• Question: Can gravitational effects be increases using natural forces?

    Asked by anonymous to Steve, Emma, Christian, Bose, Alice on 9 Mar 2016.
    • Photo: Emma Dean

      Emma Dean answered on 9 Mar 2016:


      Gravity is an acceleration. So artificial gravity can be created. This is an excellent way to reduce the negative effects of weightlessness that astronauts experience. Gravitational effects can be created using centripetal forces, the force that pushes outwards when you are being spun around, and linear acceleration, the force that pushes you backwards when accelerating forwards.

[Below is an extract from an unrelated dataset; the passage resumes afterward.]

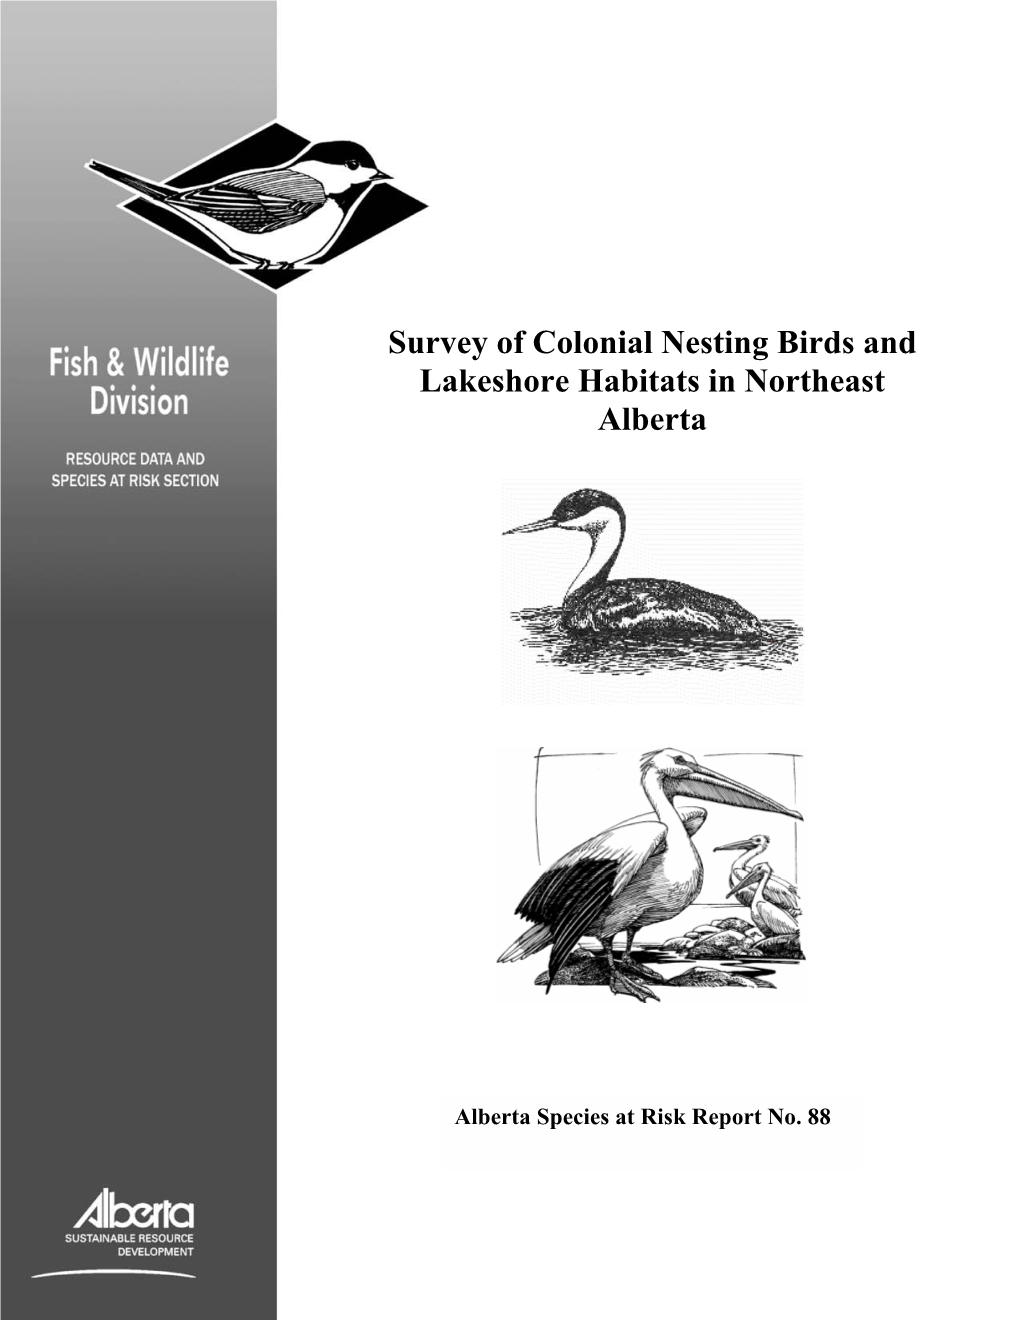 Survey of Colonial Nesting Birds and Lakeshore Habitats in Northeast Alberta
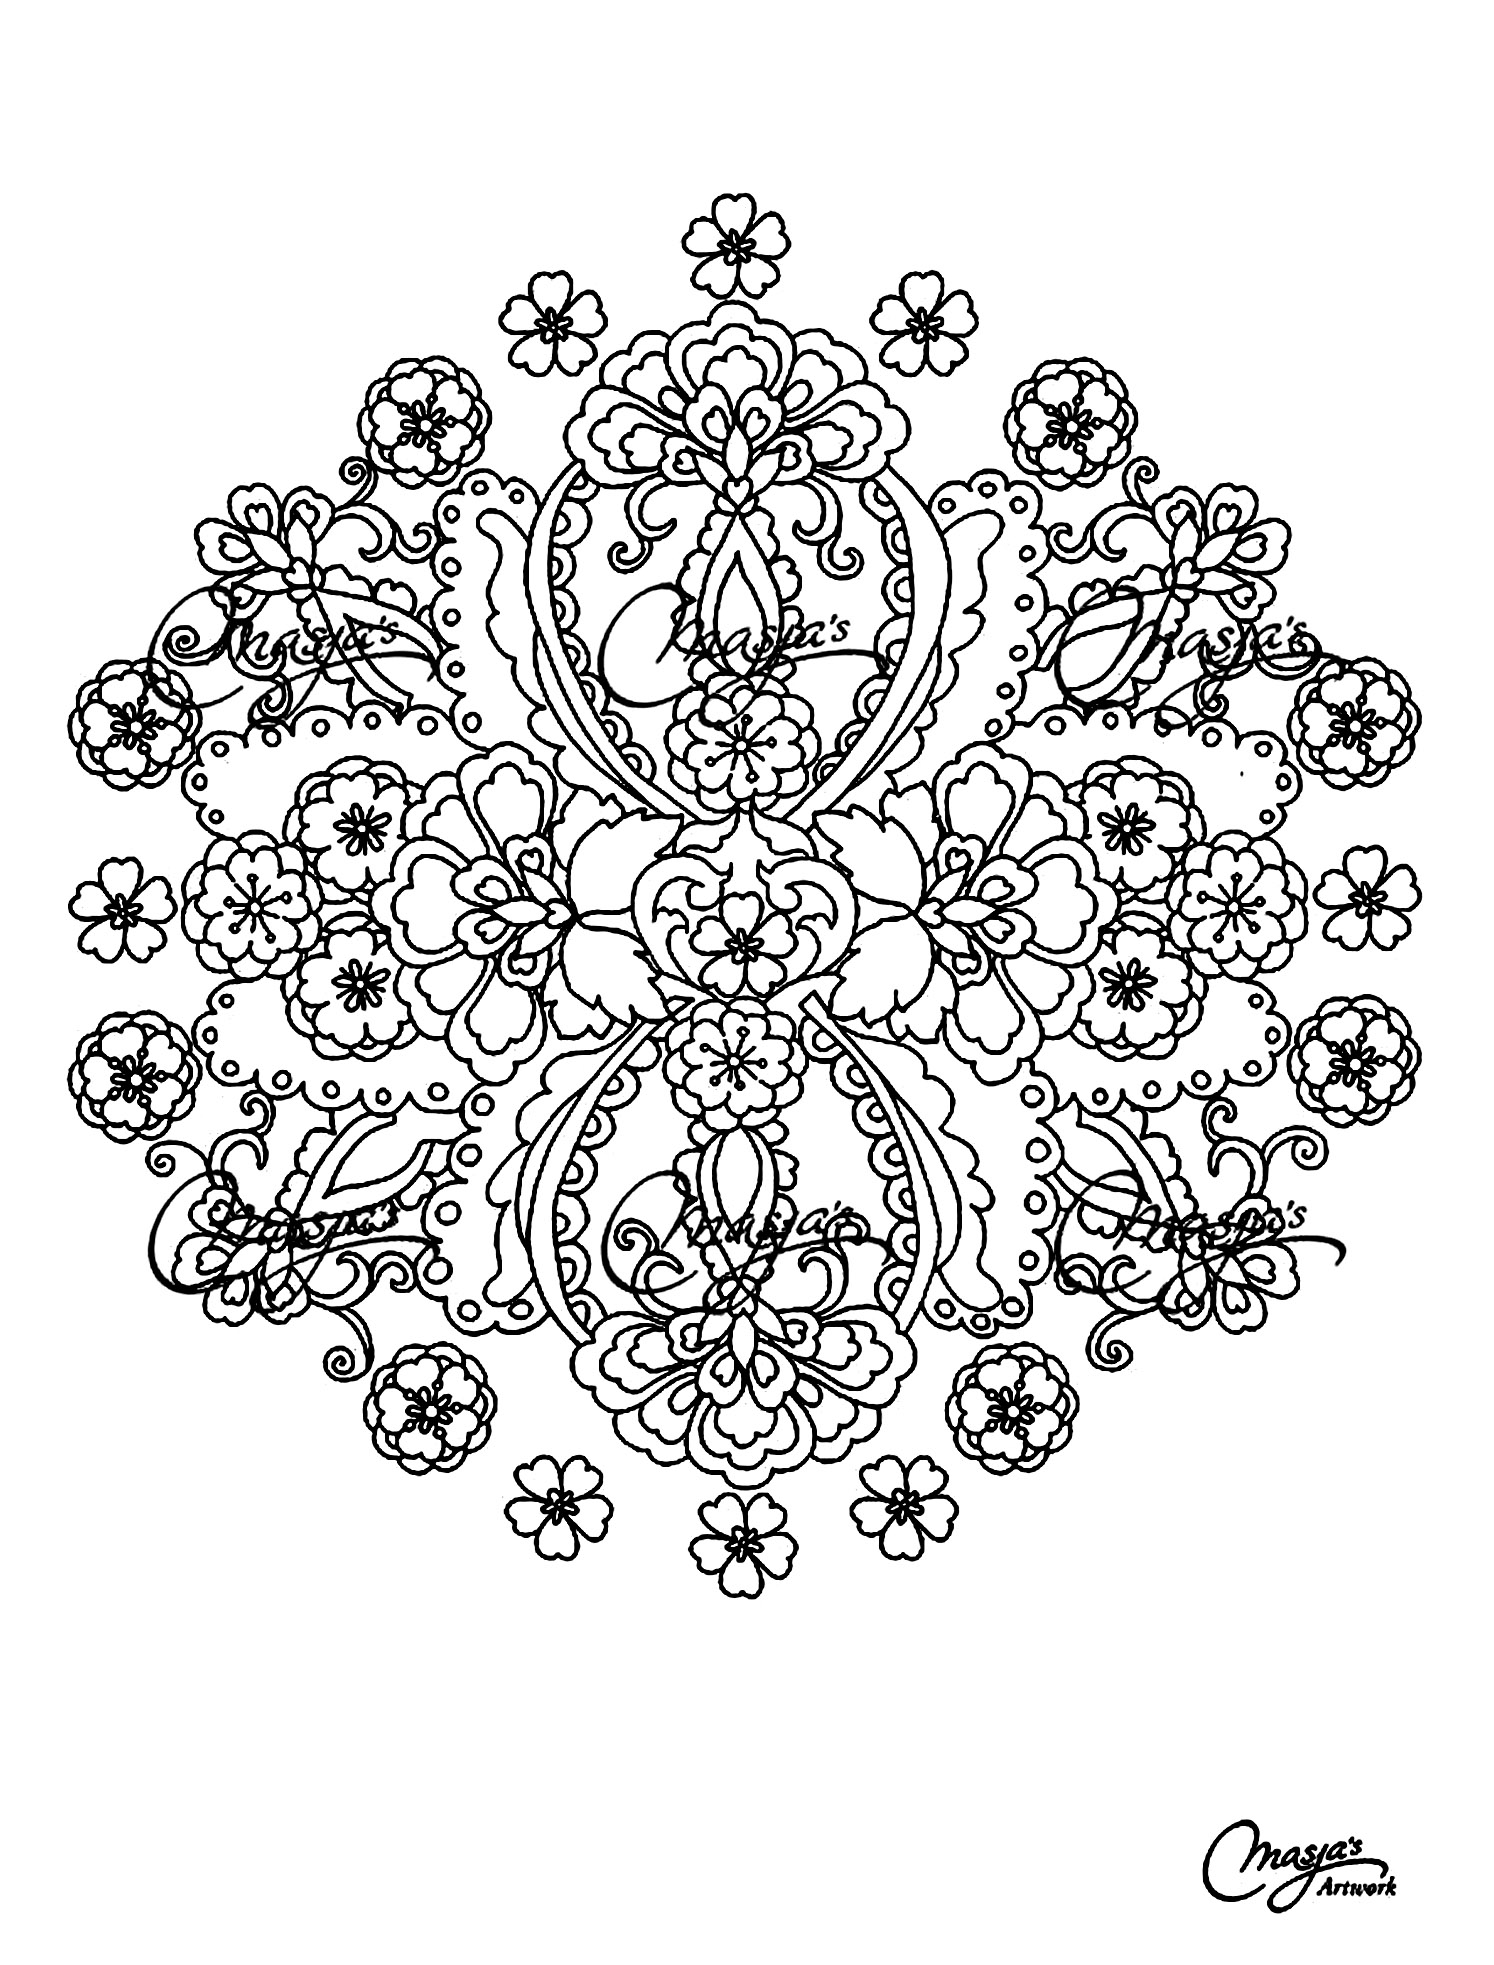 Elegant Mandala coloring page with flowers and vegetal patterns. Mandalas offer balancing visual elements, symbolizing unity and harmony.

    • Photo: Steve Marsden

      Steve Marsden answered on 10 Mar 2016:


      There are several theories which suggest that gravity used to be much stronger in the past. Specifically a tiny fraction of a second after the big bang. We recreate the extremely hot conditions soon after the big bang in the LHC, but as of yet we’ve not been able to measure the effects of gravity at in these conditions. This is because it would still be far weaker than the other fundamental forces.

      Also, it is not only mass that creates a gravitational pull. Energy creates the same attraction (though you need a HUGE amount of energy to generate the same pull as a relatively small amount of mass). NASA is currently funding research into a star trek style warp engine, which uses this gravitational field generated from a large amount of stored energy.